Boom, Bust and Crisis – an edited volume with eight chapters, along with an introduction by the author – is a wide-ranging and passionate description of the neoliberal restructuring of the Canadian economy, emphasizing “the increasing power and wealth imbalance favouring business and top earners, the declining power of Canada’s labour movement and the worsening of jobs and incomes for the majority of Canadian workers.” (8) The book is extremely interesting and useful. Its strengths lie in pulling together clear descriptions of the effects of neoliberal restructuring, capitalist globalization, and current state and private economic strategies and policies on the real lives of working people and their institutions; its critical approach to the challenge facing unions in this era; case studies which dispel some of the prevailing mystification and mythology about supposed economic success stories; and its outrage against the economic and political inequality that has resulted from Canada’s resource, real estate, and financial boom.
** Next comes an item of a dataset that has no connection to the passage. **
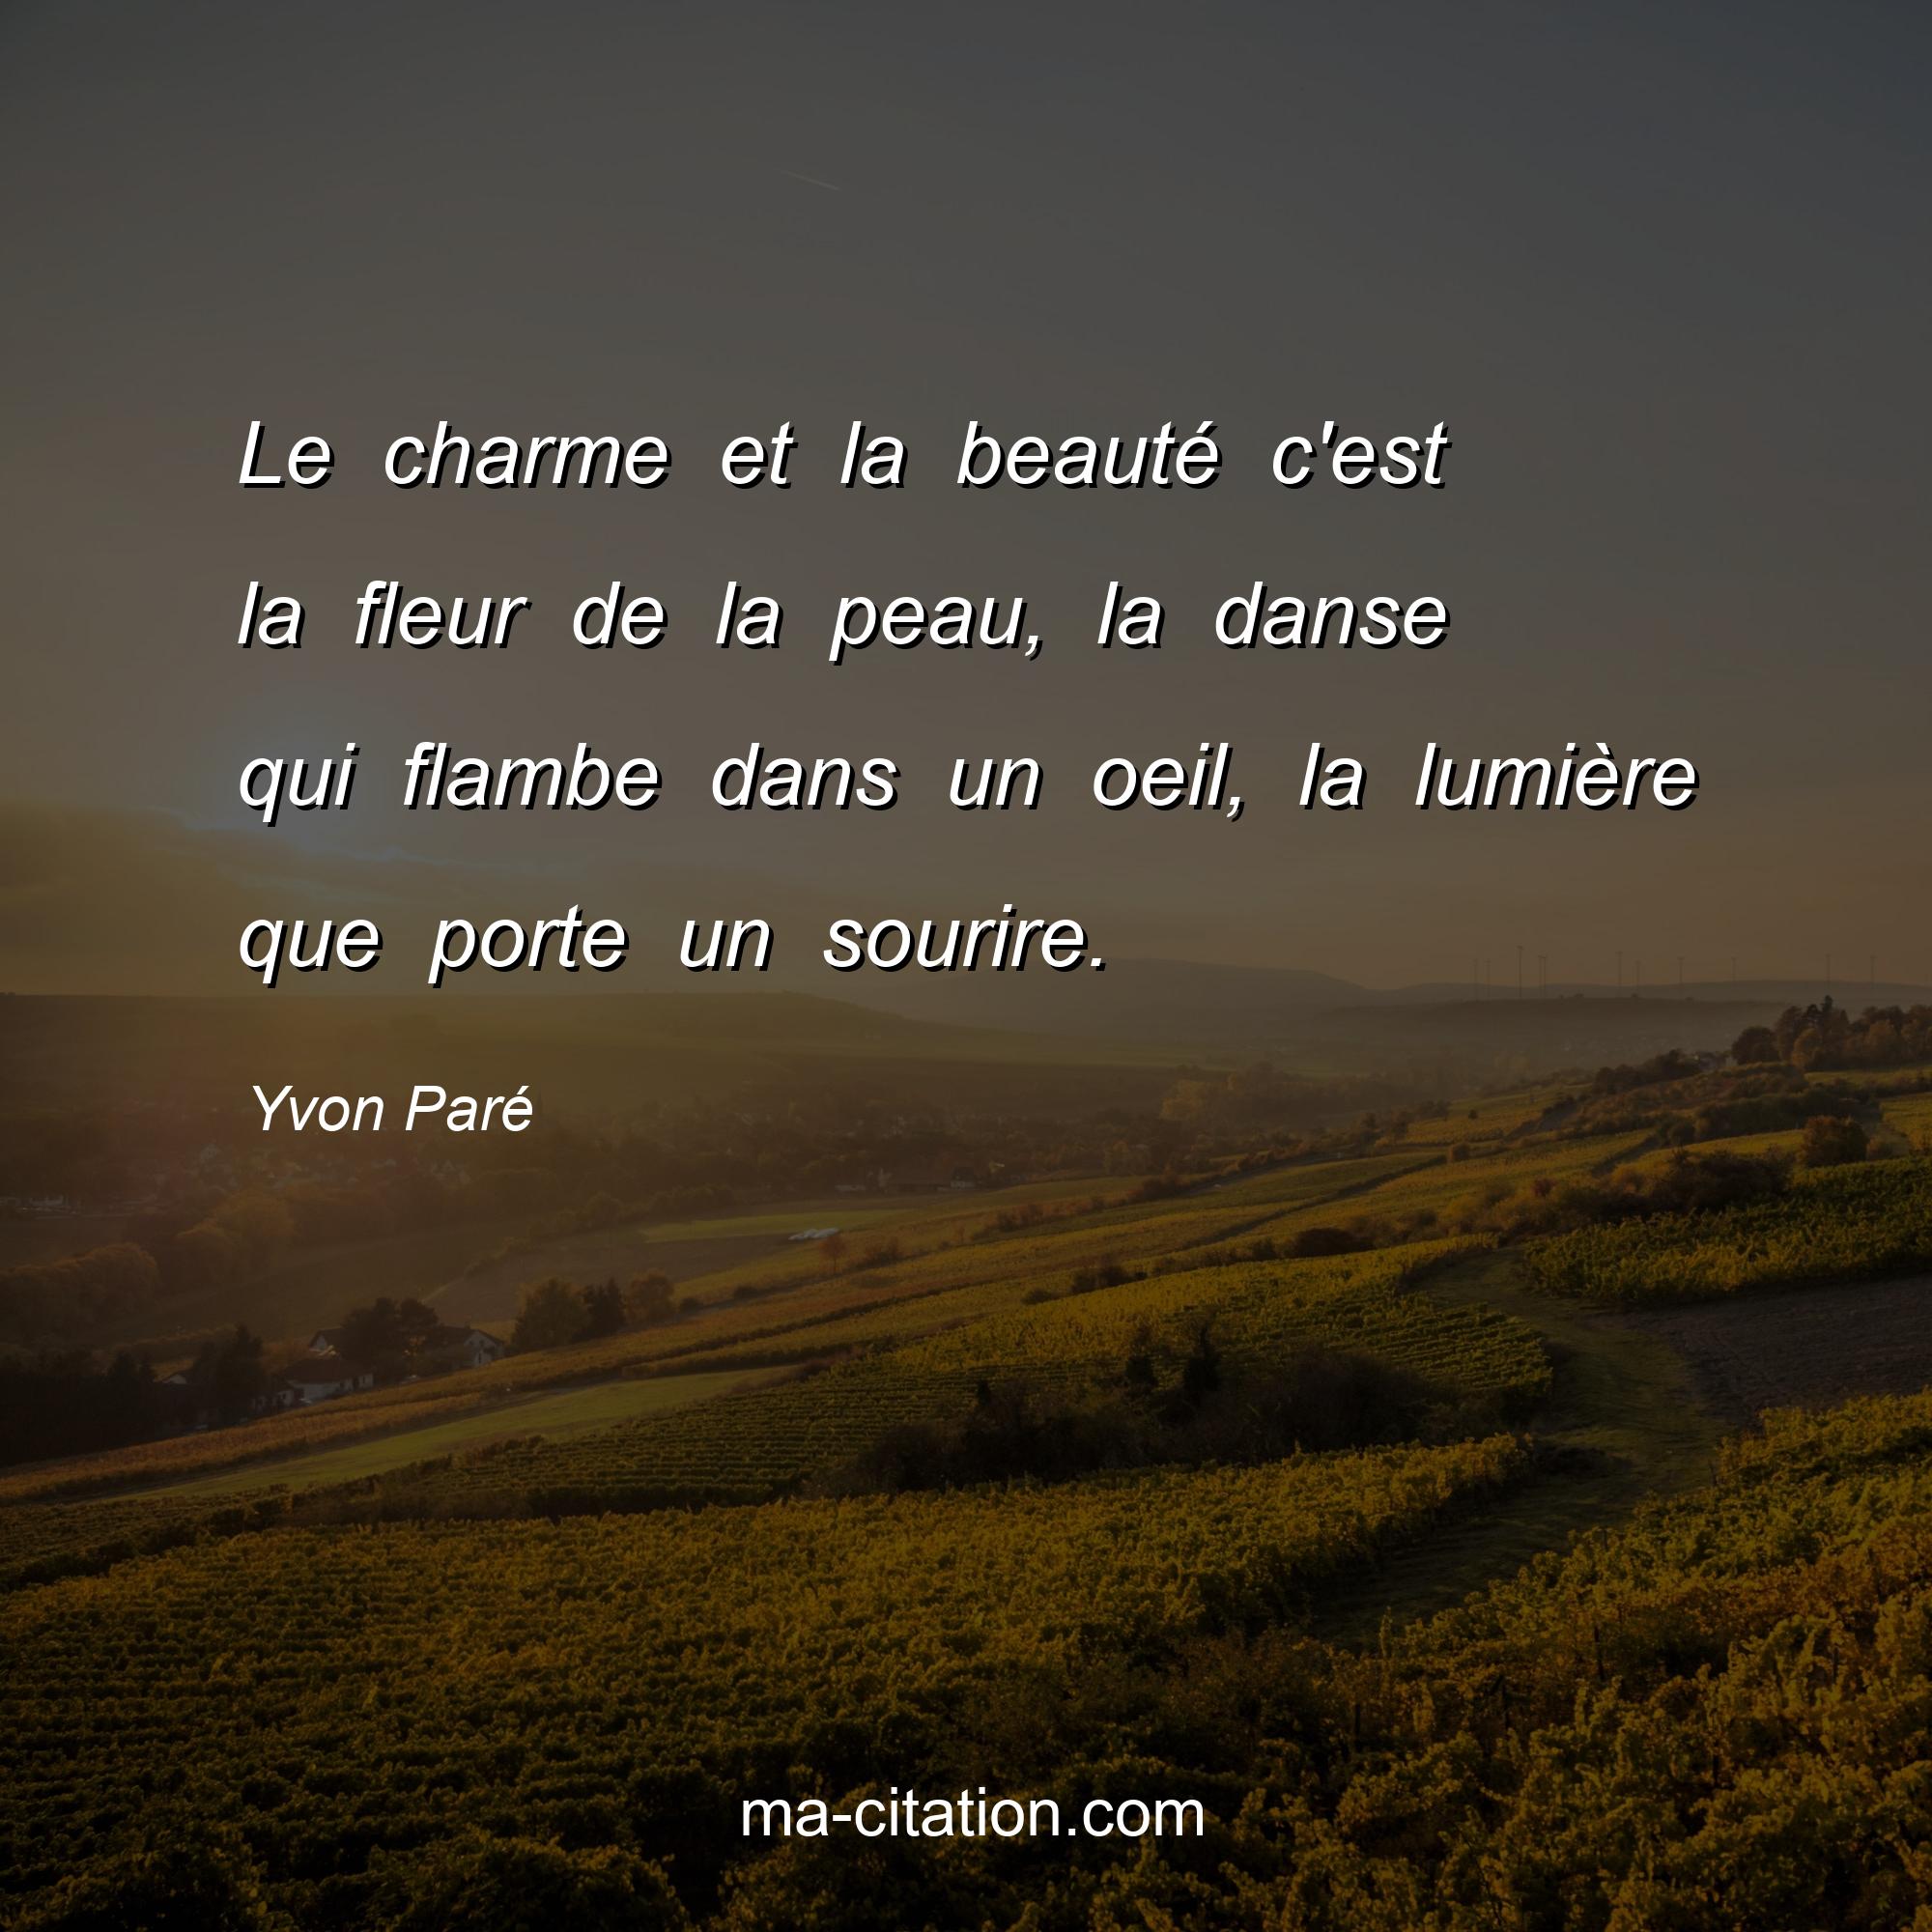 Yvon Paré : Le charme et la beauté c'est la fleur de la peau, la danse qui flambe dans un oeil, la lumière que porte un sourire.

The book’s weakness lies in its lack of consistent systemic analysis of the drivers of the neoliberal restructuring of the Canadian economy. Too often it lapses into a kind of populist nostalgia for a postwar era that was supposedly better, fairer, or more equal – where business had less power and markets were “neutral” – and calls for a return to policies that favour the “broad middle class.” This essentially social democratic approach muddles the analysis of political parties and governments, and makes it very difficult to pose alternative strategies for addressing inequality and the larger economic and political structures underpinning it. The book offers very few of these, [End Page 328] and those it poses tend towards superficiality and naiveté.

John Peters’ overview “Free Markets and the Decline of Unions and Good Jobs” challenges the claims of governments and business interests that the new economy has brought prosperity, arguing that the reality for working people includes low wages, precarious work, stagnation, and inequality. At the same time, he identifies a panoply of neoliberal policies driving the new economy. His description of the effects of the natural resource, housing, and real estate booms and the relationship between financial deregulation and corporate behaviour is extremely useful and clear. A particular strength of this essay is the way it deals with the defeat of the labour movement. He criticizes unions for failing to collectively resist or go on the offensive. His call for political mobilization of all of the segments of the working class in solidaristic projects around political programs that challenge the neoliberal policy agenda is critically important.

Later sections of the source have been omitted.